TGFβ-mediated signaling and transcriptional regulation in pancreatic development and cancer

Volker Ellenrieder 1, Martin E Fernandez Zapico 1, Raul Urrutia 1
PMCID: PMC3733232  NIHMSID: NIHMS237672  PMID: 17031197

Abstract

Transforming growth factor-β (TGFβ) plays a critical role in pancreatic development and cell proliferation. Binding of TGFβ to its membrane receptor kinases activates the Smad signaling proteins, allowing them to translocate to the nucleus and participate in the transcriptional control of TGFβ target genes. In addition, there is an increasing number of cellular mechanisms affecting the final response of a cell to TGFβ. This includes crosstalk with other signaling pathways and the induction of TGFβ early response genes, such as the TGFβ-inducible early response gene (TIEG) family of transcription factors. Like the Smads, TIEGs behave as downstream effector proteins in TGFβ-mediated pancreatic growth control. The discovery of the Smads and TIEGs has provided new insights into TGFβ-regulated functions. Their significance in pancreatic development and cancer is discussed in this review.


The transforming growth factor-β (TGFβ) family consists of multifunctional cytokines that regulate a broad spectrum of biologic functions including wound healing, cellular differentiation, and deposition of extracellular matrix proteins [1]. Among the most dramatic effects of TGFβ, however, are those associated with cell differentiation during development and inhibition of cell proliferation, mediated largely by the induction of cell cycle arrest and apoptosis [2••,35]. TGFβ exerts its biologic function mainly by its effects on regulation of gene expression. Elucidating its signal transduction pathway has become a subject of intense investigation in recent years [6]. This has resulted in the identification of a family of membrane receptor protein kinases, TGFβ receptor kinase I (TβRI) and TGFβ receptor kinase II (TβRII), and the subsequent discovery of their intracellular mediators, the Smads [7,8]. Although Smad signaling appears to be involved in most actions of TGFβ, recent evidence suggests the existence of additional TGFβ downstream mediators. For example, TGFβ has been shown to rapidly activate the mitogen-activated protein kinases (MAPK) extracellular regulated kinase (Erk), p38 and JNK, which regulate gene expression by activating specific downstream transcription factors [9•,10]. In the same line of evidence, we have previously reported the identification of the TGFβ-inducible early response gene (TIEG) family of TGFβ-inducible transcription factors, the expression of which is enriched in the exocrine pancreas. Like the Smads, TIEG proteins are TGFβ-regulated effector proteins that significantly affect homeostasis of the pancreas. Expression of both TIEG1 and TIEG2 is rapidly upregulated by TGFβ stimulation, leading to the control of pancreatic cell growth through inhibition of cell proliferation and induction of apoptosis [11,12].

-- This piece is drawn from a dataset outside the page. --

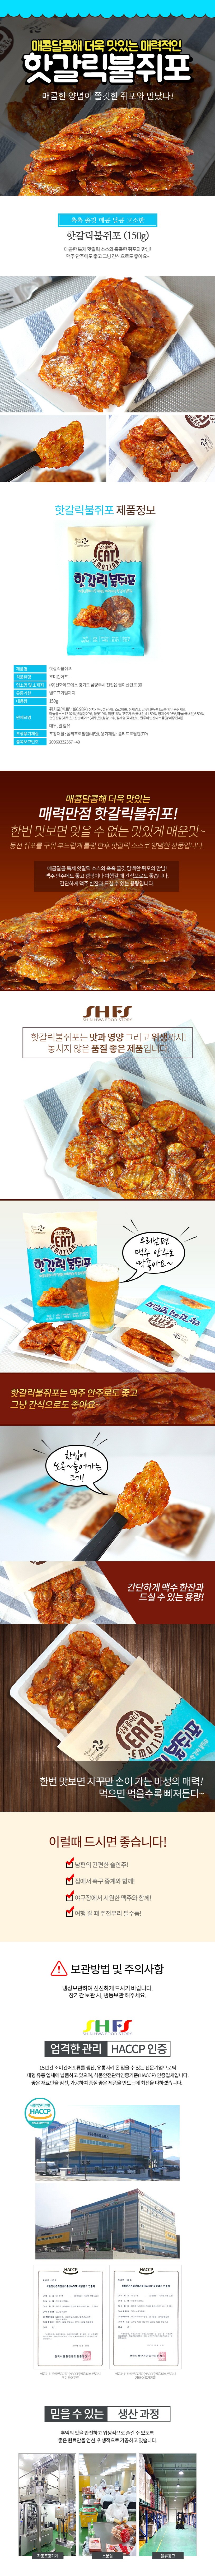 매콤달콤해 더욱 맛있는 매력적인 핫갈릭불쥐포

Deregulation of TGFβ function is a common feature of pancreatic cancer and is frequently associated with genetic disturbances of either the TGFβ receptor kinases (TβRs) or the Smads [13]. During carcinogenesis, many tumor cells harbor mutations in TGFβ signaling, rendering them unresponsive to TGFβ-stimulated cell growth inhibition.

In this review we focus on the significance of TGFβ and its downstream mediators in pancreas development, and we particularly emphasize its important functional role in the early and late stages of pancreatic cancer.

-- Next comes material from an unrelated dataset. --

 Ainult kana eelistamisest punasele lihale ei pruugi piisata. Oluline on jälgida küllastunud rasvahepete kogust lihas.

Transforming growth factor-β signaling through the Smad proteins

The TGFβ exhibits its antiproliferative functions by activating a signaling pathway that mediates cell cycle arrest and induction of apoptosis. Signaling is initiated by binding of TGFβ to the TβRII cell surface receptor. This, in turn, recruits the TβRI kinase, which phosphorylates the receptor R-Smads proteins, Smad2 and Smad3 (Fig. 1) [14••]. Activated R-Smads form a complex with the Co-Smad, Smad4, which shuttles directly to the nucleus. Here, the complex can either directly bind to DNA, interact with other DNA-binding proteins, or recruit other transcription factors such as AP1 to regulate the transcription of target genes involved in cell growth control (eg, p15, p21, c-myc). These partner proteins are crucial for the selection of Smad-regulated target genes and therefore have an enormous impact on the biologic outcome of TGFβ stimulation [14••]. TGFβ signaling is further controlled by a third class of Smads, the inhibitory Smad6 and Smad7 proteins, which negatively regulate R-Smad activation. Smad7 inhibits signaling from the serine/threonine kinase receptors by binding the TβRI, thereby preventing the phosphorylation of Smad2 and Smad3 [1519]. Evidence demonstrates distinct crosstalk and feedback between the Smads and other signaling pathways, resulting in either stimulation or inhibition of Smad signaling [2025]. The signaling network of the cell at large also modulates the expression and activity of the Smads' nuclear partner proteins, thereby fine-tuning the final selection of target genes [26••].

Figure 1. Schematic diagram of transforming growth factor-β (TGFβ) signaling and regulation.

Figure 1

The signaling pathway includes two types of membrane Ser/Thr receptor kinases (TβR-I and TβR-II), the receptor Smads2/3, the co-Smad4, the inhibitory Smad7 and nuclear partner proteins (eg, DNA-binding factors). The Smad signaling is negatively regulated by Smad7, which itself can be induced by several crosstalks, including epidermal growth factor signaling and NFkB.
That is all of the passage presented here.